Als sich unser Bundespräsident unlängst dafür ausgesprochen hat, Einbürgerungen zu erleichtern, weil die Hürden für die Staatsbürgerschaft zu hoch seien, traf ihn die geballte Ablehnung der ÖVP-Spitze, vom Kanzler bis zum Innenminister. Motto: Kommt nicht in Frage, das haben wir immer so gemacht. Die Gründe für das Njet sind klar. Die ÖVP fürchtet einmal mehr, wie bei der Migration, Wähler an die FPÖ zu verlieren. Die neue ÖVP-Frau fürs Grobe, Generalsekretärin Sachslehner, meinte, die Staatsbürgerschaft müsse man sich verdienen. Das ist jetzt schon schwer genug. Eine Einzelperson muss dafür nach Abzug der Kosten für Miete, Unterhaltszahlungen und Kredit über 1000 Euro zum Leben übrighaben, eine Familie 1600 Euro. Viele Österreicher würden schon an diesen Kriterien scheitern. Ganz zu schweigen von den abverlangten Kenntnissen. Da wird Deutsch auf dem Niveau B1 gefordert. Ich bezweifle, ob das alle Einheimischen schaffen. Oder Antworten auf diese Fragen beim Einbürgerungstest: Welche der Religionen waren 1918 in Österreich anerkannt? Wann wurde Salzburg endgültig Teil von Österreich? Durch welchen Tunnel kann man Osttirol von Nordtirol am besten erreichen? Daran würden so manche Österreicher scheitern. Die Antworten (zur Sicherheit): Katholische, evangelische und orthodoxe Christen, das Judentum und der Islam – 1816 – Felbertauern.
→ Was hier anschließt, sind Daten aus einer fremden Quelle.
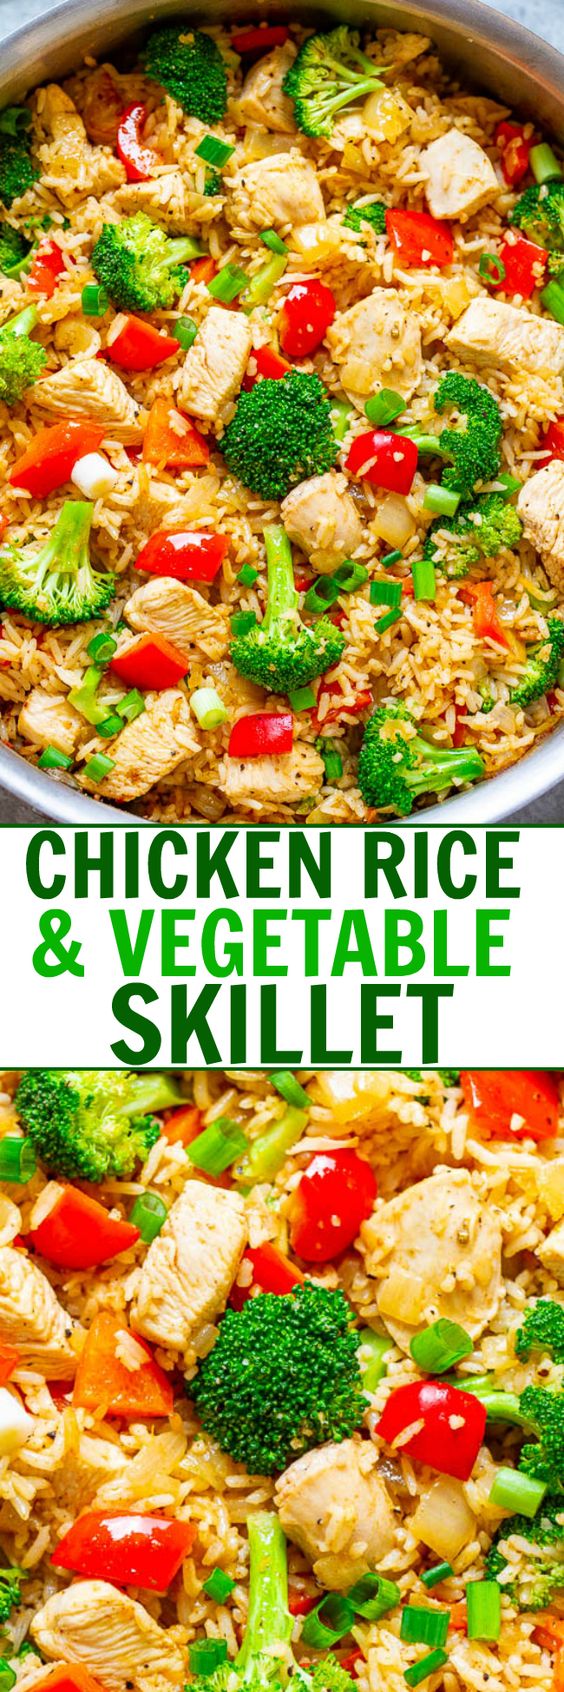 Chicken,-Rice,-and-Vegetable-Skillet

„Bis zur Wirtschaftspartei ÖVP hat sich das noch nicht herumgesprochen. Sie handelt ökonomisch kurzsichtig.

Österreich hat eines der schärfsten Zuwanderungsgesetze der Welt. Unter 56 verglichenen Staaten haben nur noch die Arabischen Emirate und Saudi-Arabien restriktivere Gesetze. Von knapp neun Millionen Bürgern besitzen deshalb1,6 Millionen Menschen (knapp 18 Prozent) nicht die österreichische Staatsbürgerschaft, mit steigender Tendenz. Wie halten es vergleichbare Länder? Wenn ausländische Eltern acht Jahre rechtmäßig in Deutschland sind, erhält das Kind bei der Geburt automatisch die Staatsbürgerschaft. Auch in anderen EU-Ländern ist das so. Bei uns gilt das Abstammungsprinzip. Kinder erhalten die Staatsbürgerschaft der Eltern. Die derzeitige Regelung verhindert die gewünschte Integration. Wir hätten gerne, dass Ausländer, die bei uns leben, auch arbeiten und Steuern zahlen und sich zu Österreich bekennen. Aber die Staatsbürgerschaft bekommen sie nicht. In Wien ist ein Drittel der dort lebenden Menschen nicht wahlberechtigt. Das ist demokratiepolitisch bedenklich.

Die Deutschen sehen die Einbürgerungen pragmatisch. Man braucht 400.000 Zuwanderer pro Jahr, um den Wohlstand zu sichern, und will mit einem neuen Gesetz gut integrierten „geduldeten Zuwanderern“ ein Bleiberecht ermöglichen. Bis zur Wirtschaftspartei ÖVP hat sich das noch nicht herumgesprochen. Sie handelt ökonomisch kurzsichtig. Auch bei uns schreit die Wirtschaft nach Personal und Fachkräften. Wifo-Chef Gabriel Felbermayr befürwortet deshalb weniger rigorose Regelungen bei der Staatsbürgerschaft. Es stelle sich schon die Frage, wie es denn mit der Willkommenskultur aussehe, meinte er gerade in der ORF-Pressestunde: „Wir werden uns um Talente bemühen müssen. Da wird ein Wettbewerb ausbrechen.“ Österreich mit seinem Fachkräftemangel werde den Standort attraktiver machen müssen. Da könne eine großzügigere Handhabe bei der Staatsbürgerschaft helfen. Unsere Regierung muss nicht unbedingt über Nacht klüger werden. Aber vielleicht nach einer Nachdenkphase.

Wolfgang Burtscher, Journalist und ehemaliger ORF-Landes­direktor, lebt in Feldkirch.